Выбрать главу

— С тобой все в порядке.

— Нет. Не в порядке. Послушай, я не знаю, стоит ли выкапывать мертвое тело и сжигать его. Наверное, за такое наказывают. Существует какой-нибудь список нелепых преступлений, и это там значится. Все равно что пить из отхожего места. Может, нигде и не записано, что нельзя, но так просто не делают.Так что не вздумай. А вот уехать — это правильная мысль. Я ни на что не гожусь, даже с материнскими обязанностями не справляюсь, и ты тут не застревай. Случись что со мной, останешься наедине с папашей. Не доводи до такого.

— Я бы и тебя не хотела оставлять с ним наедине, — сказала я. — И сама тем более не хочу. Он еще не разучился бить левой.

— За меня ты не бойся, — сказала мама. — Вчера я впустила его, хотя толком не помню как, все расплывается. Мой бальзам виноват. От него все путается в голове. И мне так одиноко.

— Этот бальзам ничего не лечит, — сказала я. — От него ты становишься пьяная и сонная и ни за что не отвечаешь. Не надо тебе его пить.

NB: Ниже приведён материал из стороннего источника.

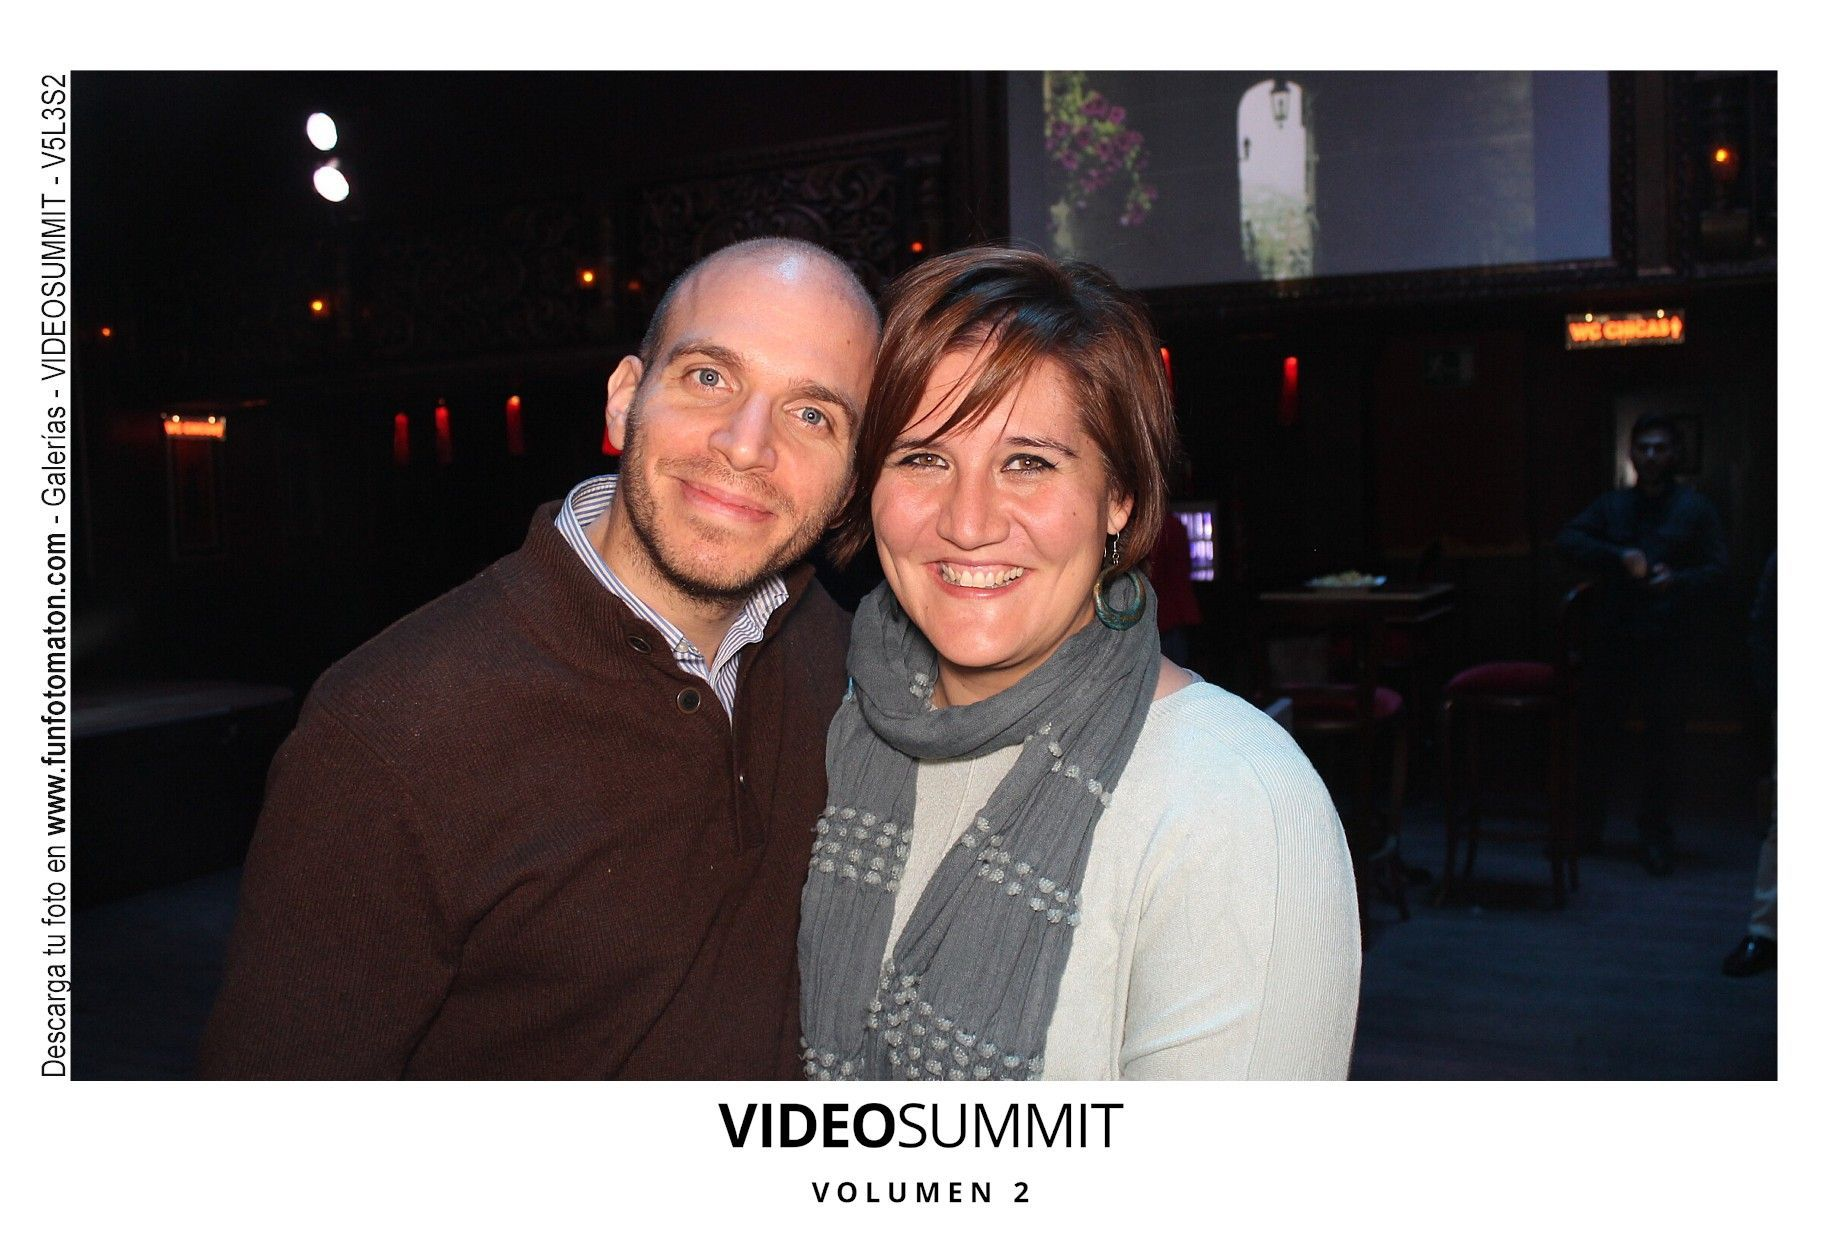 videosummit-vol2-club-party-076

— Ты ничего не понимаешь, — вздохнула она. — Мне плохо, а от бальзама становится хорошо, а без него всегда плохо, плохо, плохо. Ты должна уехать. Не надо выкапывать мертвецов, оставь эту затею, просто уезжай.

— Говорю тебе, не могу я уехать и оставить тебя с папашей.

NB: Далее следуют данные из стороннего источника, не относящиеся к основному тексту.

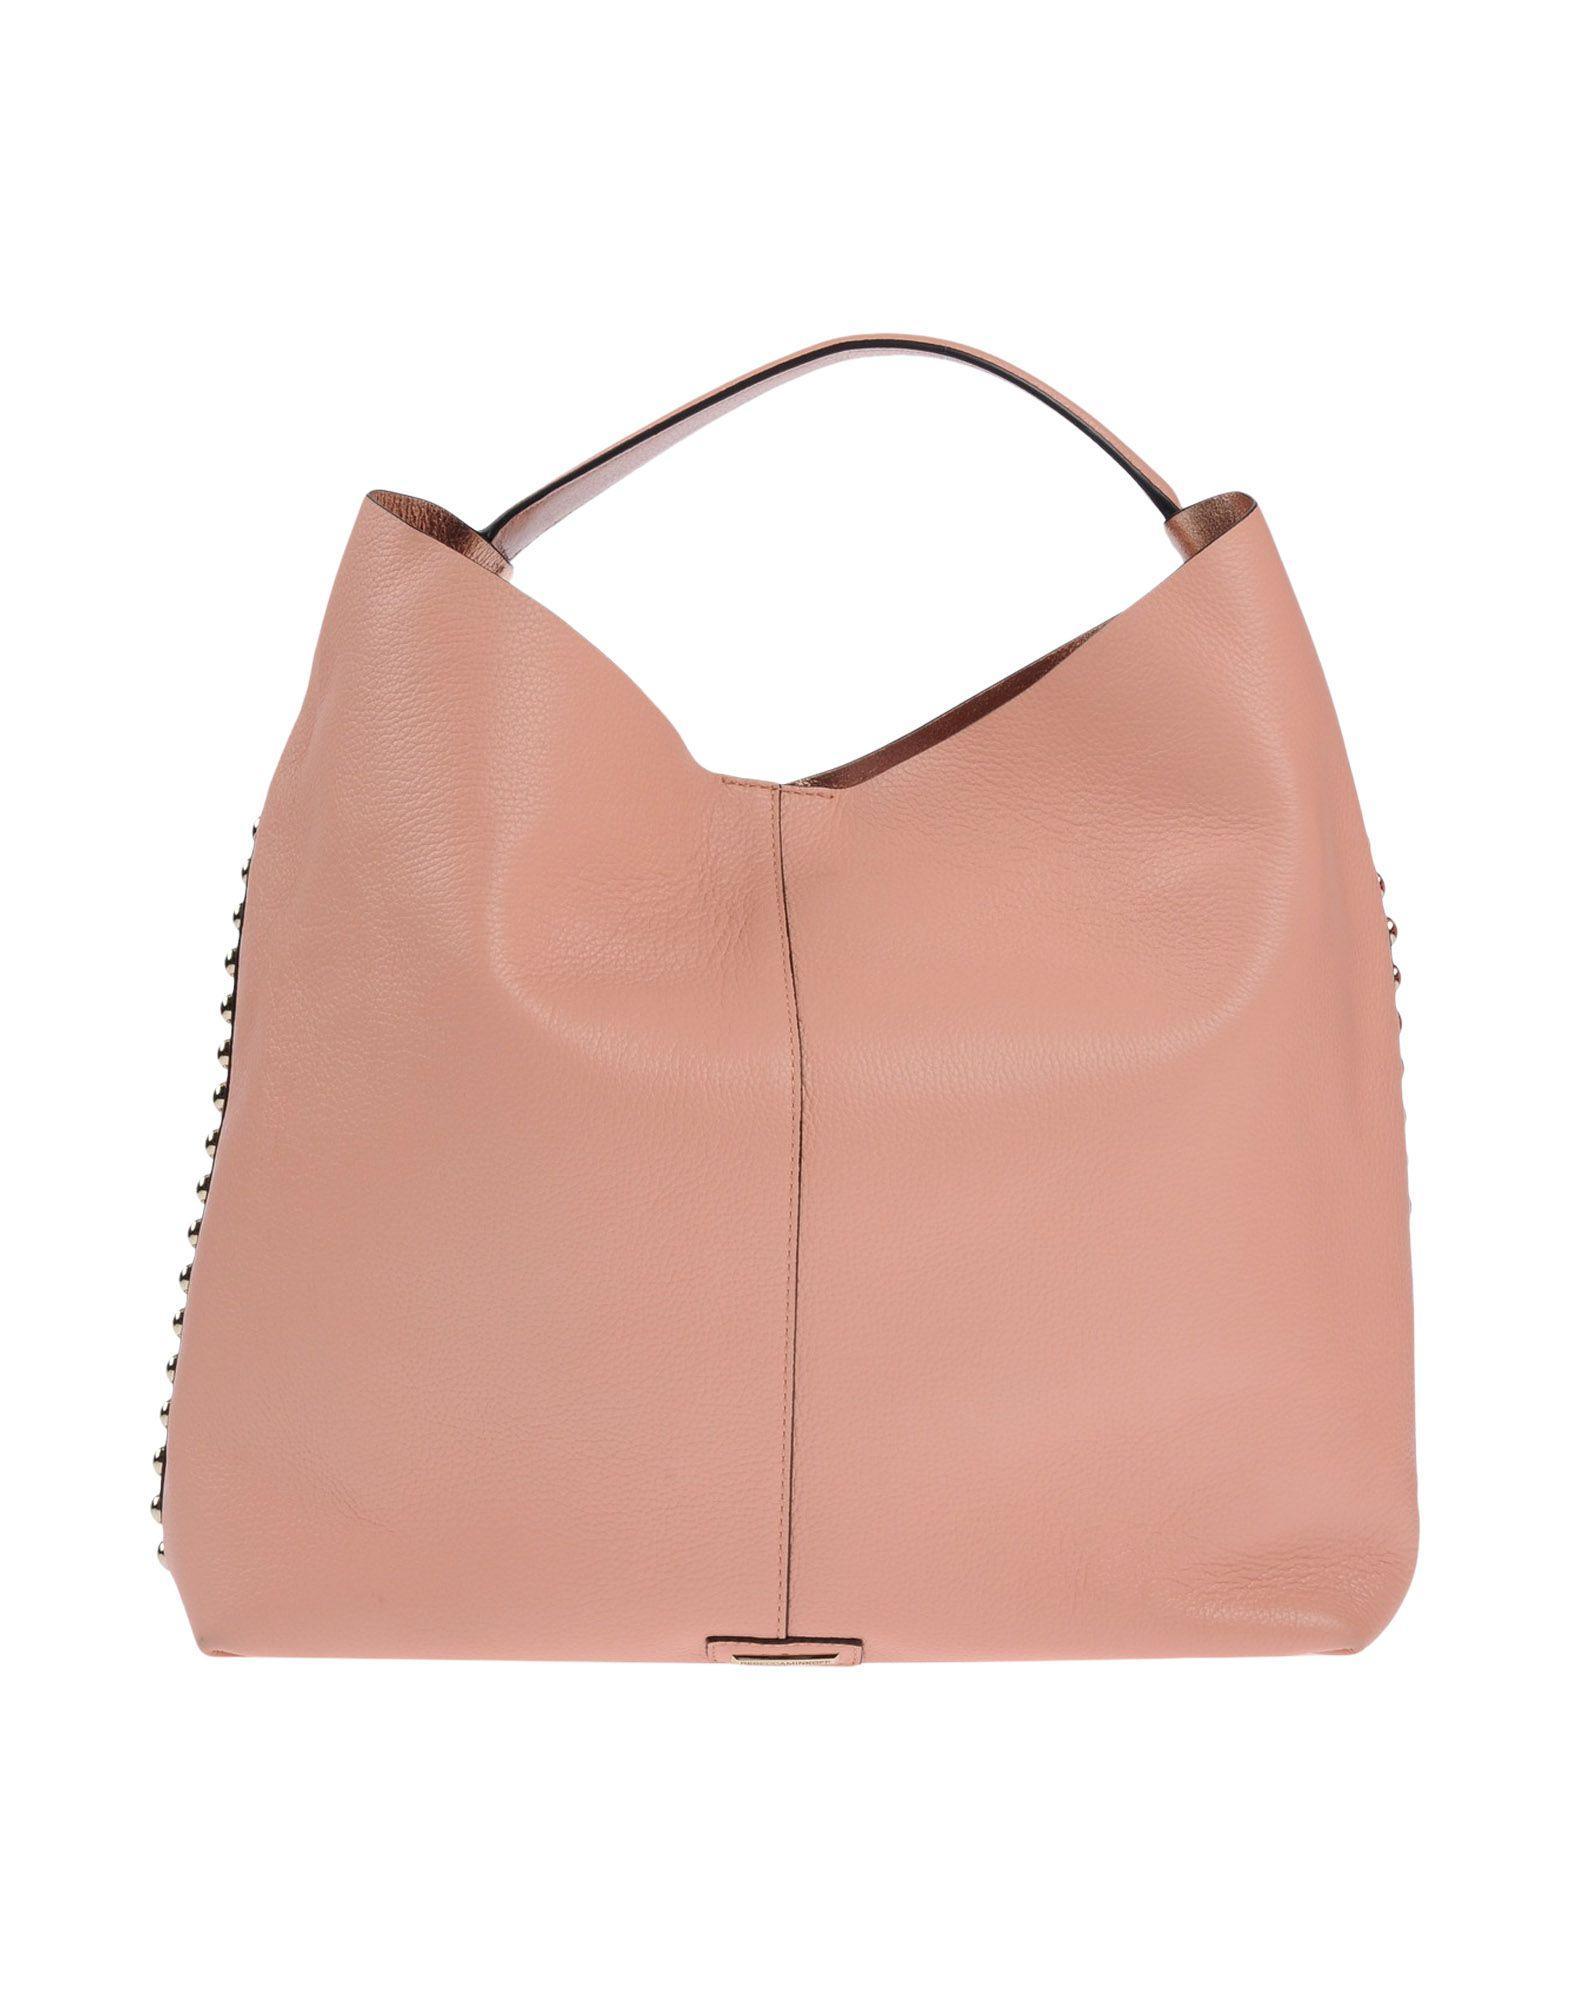 Rebecca Minkoff Handbag In Salmon Pink

— Я умею с ним справляться.

— Не хочу, чтобы тебе пришлось «справляться», — повторила я.

Мама призадумалась и над чем-то долгое время размышляла. Я прямо-таки видела, как в глубине ее глаз что-то двигалось, как будто человек, перебегающий с места на место в густой тени. За то время, что она молчала, я могла бы выкурить сигару — будь у меня охота курить, чего вовсе не было, — и, пожалуй, вырастить табаку на вторую закрутку.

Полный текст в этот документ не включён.